Infrastructure Request for High Pressure Gas TPC Development Studies for the DUNE Near Detector

Antimatter in the universe is so negligible that our world exists long enough for intelligent life to evolve. But our knowledge says otherwise: By the book, all matter should have obliterated together with antimatter in equal parts. The only key to unlocking this puzzle comes from the behavioural difference between neutrinos and anti(matter-)neutrinos, which can be studied by accelerator-based neutrino experiments. With more powerful accelerators and sophisticated detectors, we are on the way to examining neutrino interactions with unprecedented precision. The Deep Underground Neutrino Experiment (DUNE) is the next-generation neutrino experiment in the US designed to look for the tiny asymmetry between neutrinos and antineutrinos and search rare events that originate from physics beyond the Standard Model of particle physics. DUNE will do this by measuring neutrino oscillations, a phenomenon where neutrinos change type on their way from their production at Fermilab to their detection by the Far Detector (FD) 1200 km away. The DUNE-UK project is the biggest DUNE contribution outside the US and will contribute significantly to the construction of the experiment. It currently focuses on the construction of the DUNE data acquisition (DAQ), FD, and the beamline. The FD modules are planned to be online from 2027, followed by the beams in 2030, and the near detector (ND) in 2032. The ND complex consists of a liquid argon TPC, a High Pressure gas Time Projection Chamber (HPgTPC) enclosed by a solenoid and a calorimeter, and an on-axis beam monitor. This complex is being designed to precisely characterise the neutrino beams and to study neutrino-nucleus interactions with unprecedented details so that the respective systematic errors contributing to the oscillation measurements are much better understood.

The HPgTPC of the DUNE ND, currently being designed, will be the ultimate detector to study neutrino interactions due to its very low detection threshold, full angular acceptance, and very large high-pressure gas volume providing a large target mass. Recently, the Conceptual Design Report has been published, and the Technical Design Report (TDR) is currently being prepared. While the US collaborators are leading the R&D in the magnet and mechanical designs of the HPgTPC, UK institutions are involved in gas studies, readout technology development, design of electronics and DAQ, and in a beam test of the readout chambers.

We propose to build an HPgTPC R&D Platform at the University of Warwick.

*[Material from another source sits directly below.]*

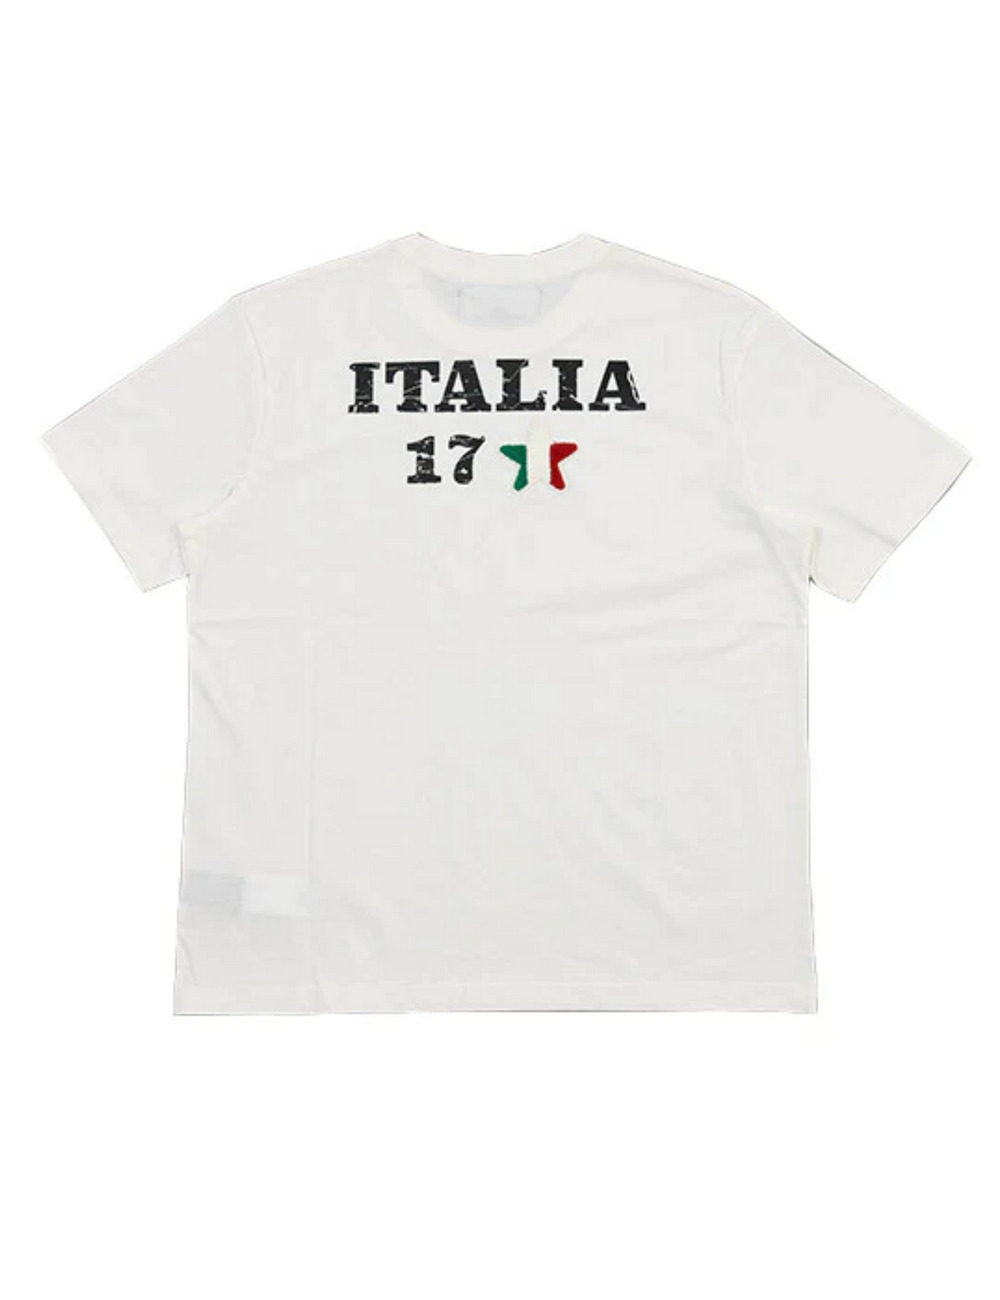 イタリア17Tシャツ(半袖) / ITALIA 17 T SHIRT 詳細画像 ホワイト 2

It consists of three items of prototype equipment:
1. a HPgTPC,
2. a high-performance optical readout system, and
3. a laser-radioactive gas-calibration system.
While we are consolidating our leadership in the field of gas studies and readout technology development with the first two pieces of equipment, the proposed laser calibration system aims to provide a technical solution to the HPgTPC gas quality control that is considered a high priority for the TDR. The Platform in this proposal will provide the only local support for accelerator-neutrino gas TPC R&D in the UK. Capital funding for this proposal would represent a very timely push for further R&D into the HPgTPC concept in the UK and would complement well efforts to extend UK contributions to the DUNE Near Detector project.